PURPOSE: The purpose is to investigate the prophylactic effect of intravesically instillated recombinant IFN-gamma against recurrence of superficial transitional cell carcinoma of the bladder and to evaluate its effect in local immune response, presumably mediating its therapeutic efficacy. EXPERIMENTAL DESIGN: We prospectively randomized in two groups 123 patients with initially diagnosed superficial transitional cell carcinoma and stage Ta, T1, grade 2 tumors, who underwent transurethral tumor resection (TUR). In group A, 60 patients received IFN-gamma (1.5 x 10(7) IU/instillation), whereas 63 patients, consisting of the control group B, received mitomycin C (40 mg/instillation). The annual administration schedule consisted of eight weekly followed by four biweekly and then by eight monthly instillations for both regimens. We also analyzed the immunophenotype of the intratumoral and intramural leukocytes by immunohistochemical and flow-cytometric techniques. To this purpose, tumor samples were obtained at TUR and random biopsies at TUR and during cystoscopy at 6 and 12 months, and bladder washings were collected before TUR and at preselected time points.
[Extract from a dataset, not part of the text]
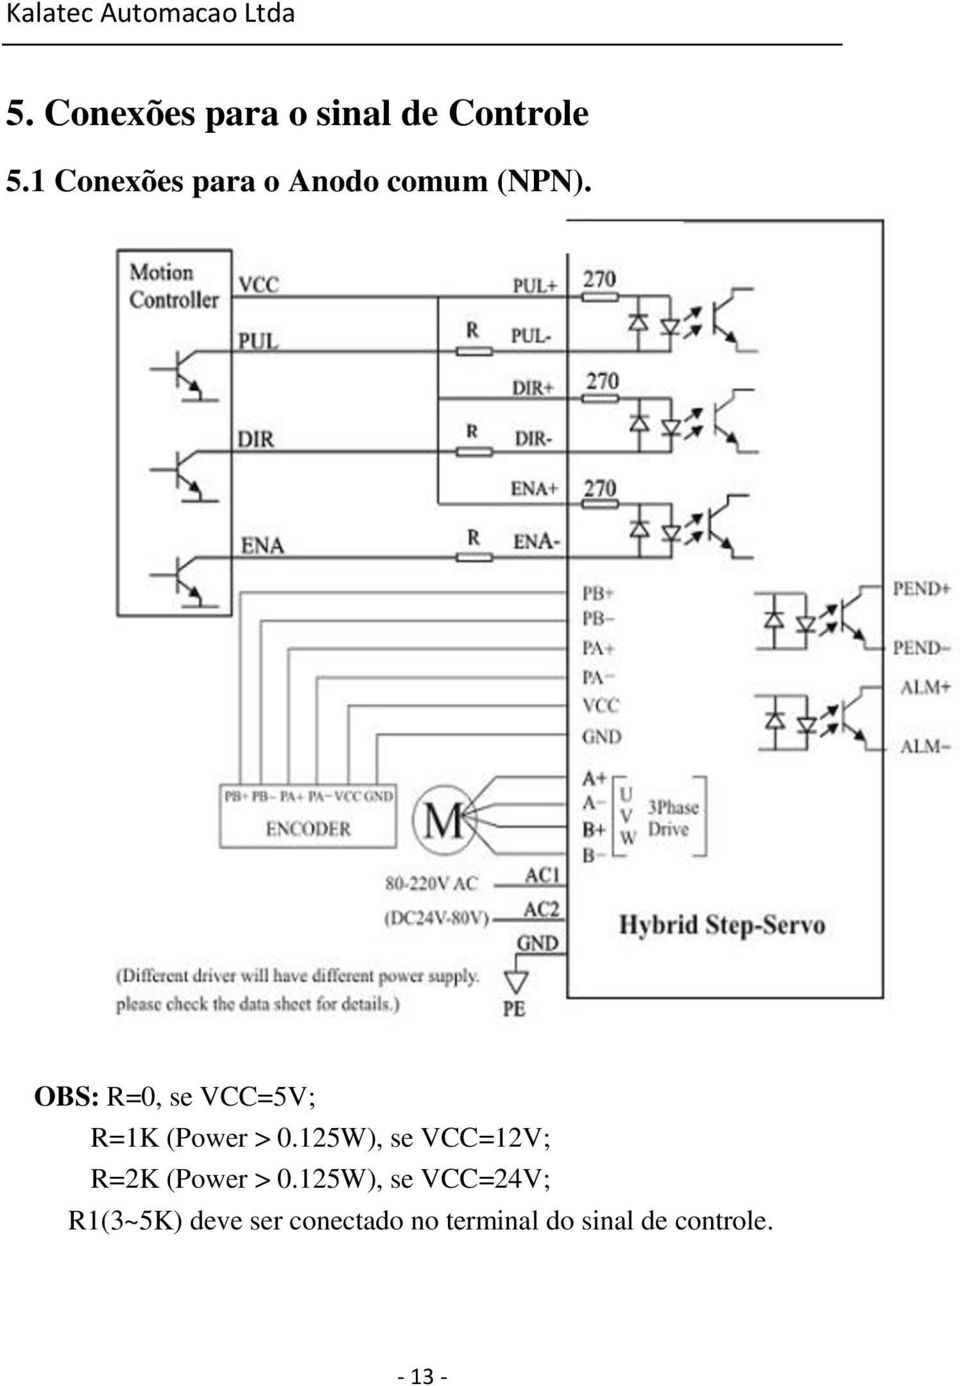 OBS: R=0, se VCC=5V; R=1K (Power > 0.

RESULTS: In group A, 44 of 60 (73.4%) patients, and in group B, 36 of 63 (57.2%) patients, were tumor free during the median follow-up period of 26.5 months (range, 3-49 months). IFN-gamma was well tolerated. Six months after starting treatment, follicular cystitis was detected in patients responding to IFN-gamma. After IFN-gamma instillations, statistically significant increases in T cells, T-helper cells, T-cytotoxic cells, natural killer cells, and total leukocytes, as well as in the number of B cells expressing intercellular adhesion molecule-1 and total leukocytes expressing HLA-DR, were observed by flow cytometry in tissue specimens and bladder washings. CONCLUSIONS: Recombinant IFN-gamma appears to be effective against stage Ta, T1, grade 2 bladder tumors' recurrence. Recruitment and activation of intramural leukocytes seem to be involved in the mechanism of IFN-gamma action.